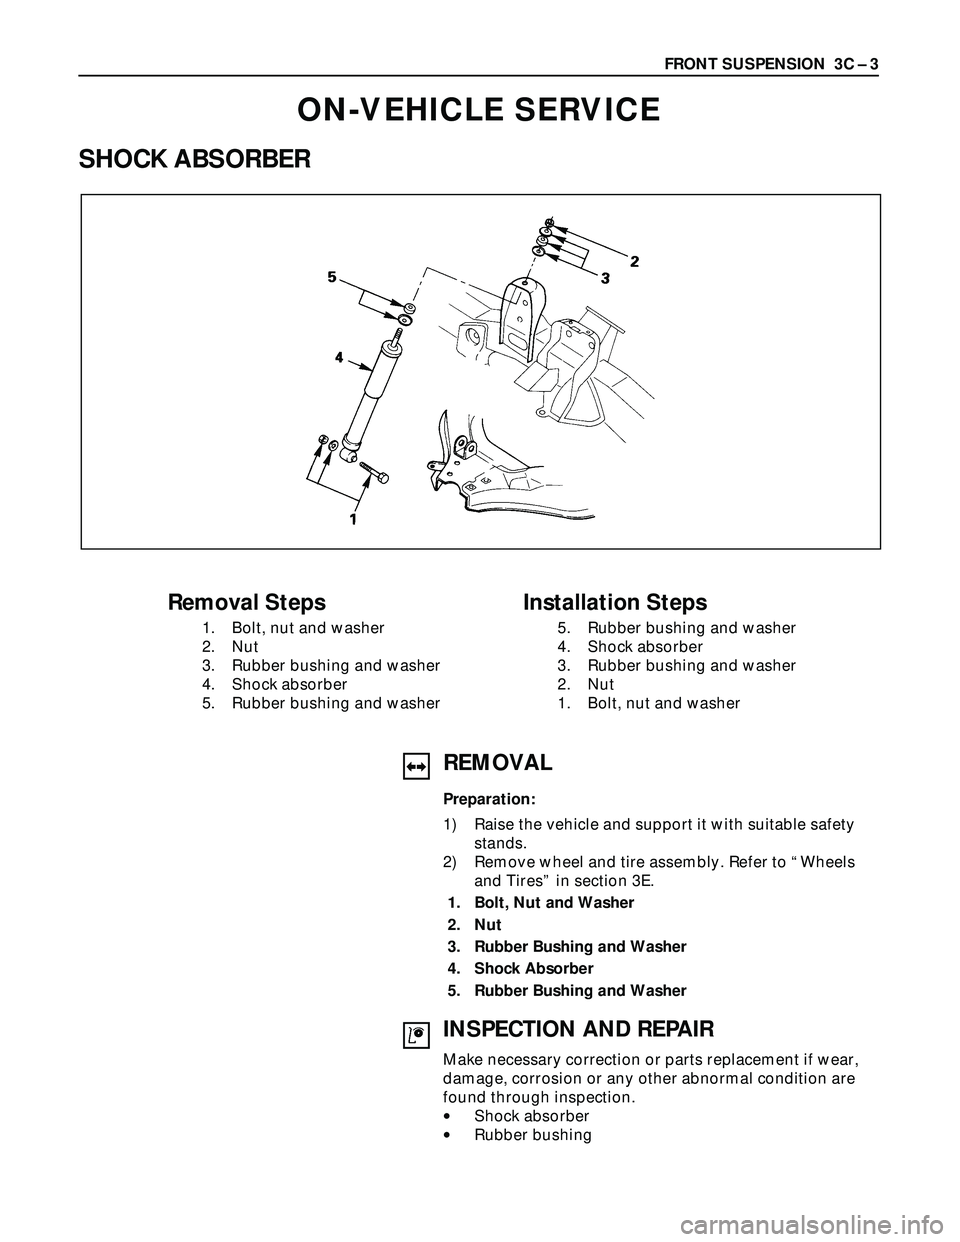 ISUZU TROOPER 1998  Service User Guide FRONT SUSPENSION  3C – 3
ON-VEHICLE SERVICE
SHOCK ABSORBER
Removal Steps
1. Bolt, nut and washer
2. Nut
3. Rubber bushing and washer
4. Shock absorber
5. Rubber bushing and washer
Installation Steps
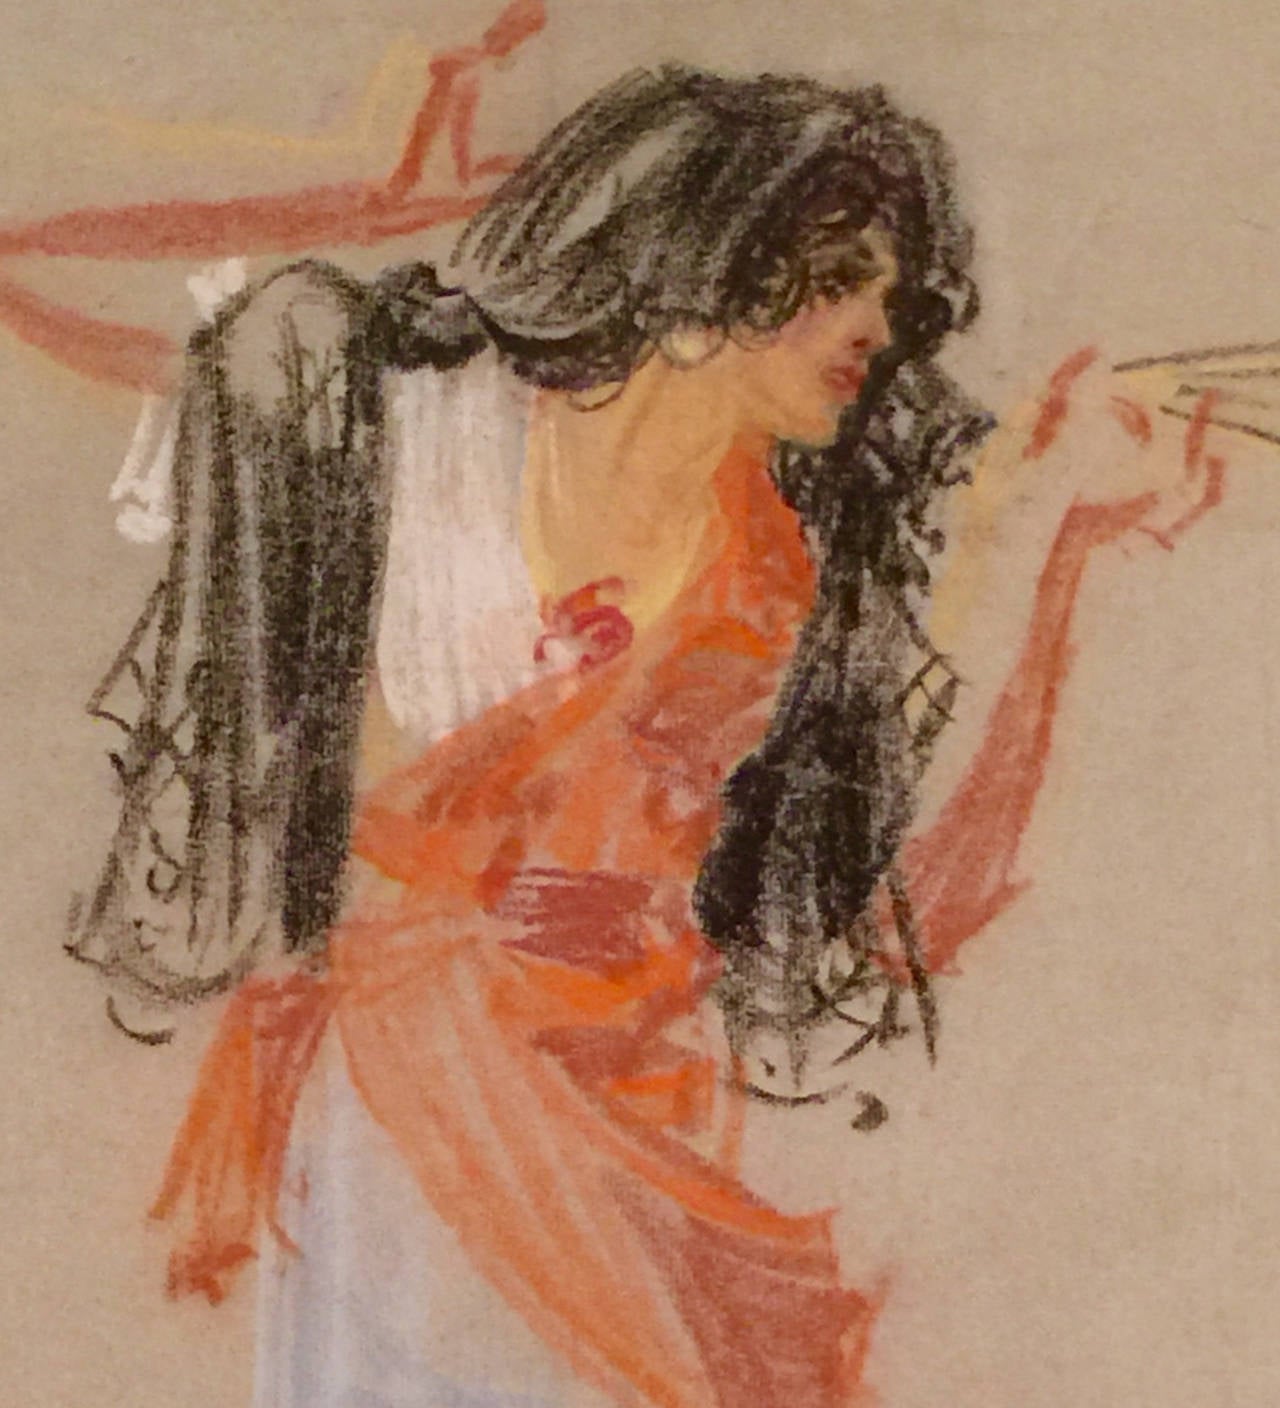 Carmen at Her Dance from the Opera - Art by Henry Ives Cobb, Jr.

----------

_Task objective_. Pictures stay out of the copy; please restate every record above exactly.

_Answer to this task_.
 ISUZU TROOPER 1998  Service User Guide FRONT SUSPENSION  3C – 3
ON-VEHICLE SERVICE
SHOCK ABSORBER
Removal Steps
1. Bolt, nut and washer
2. Nut
3. Rubber bushing and washer
4. Shock absorber
5. Rubber bushing and washer
Installation Steps
 Carmen at Her Dance from the Opera - Art by Henry Ives Cobb, Jr.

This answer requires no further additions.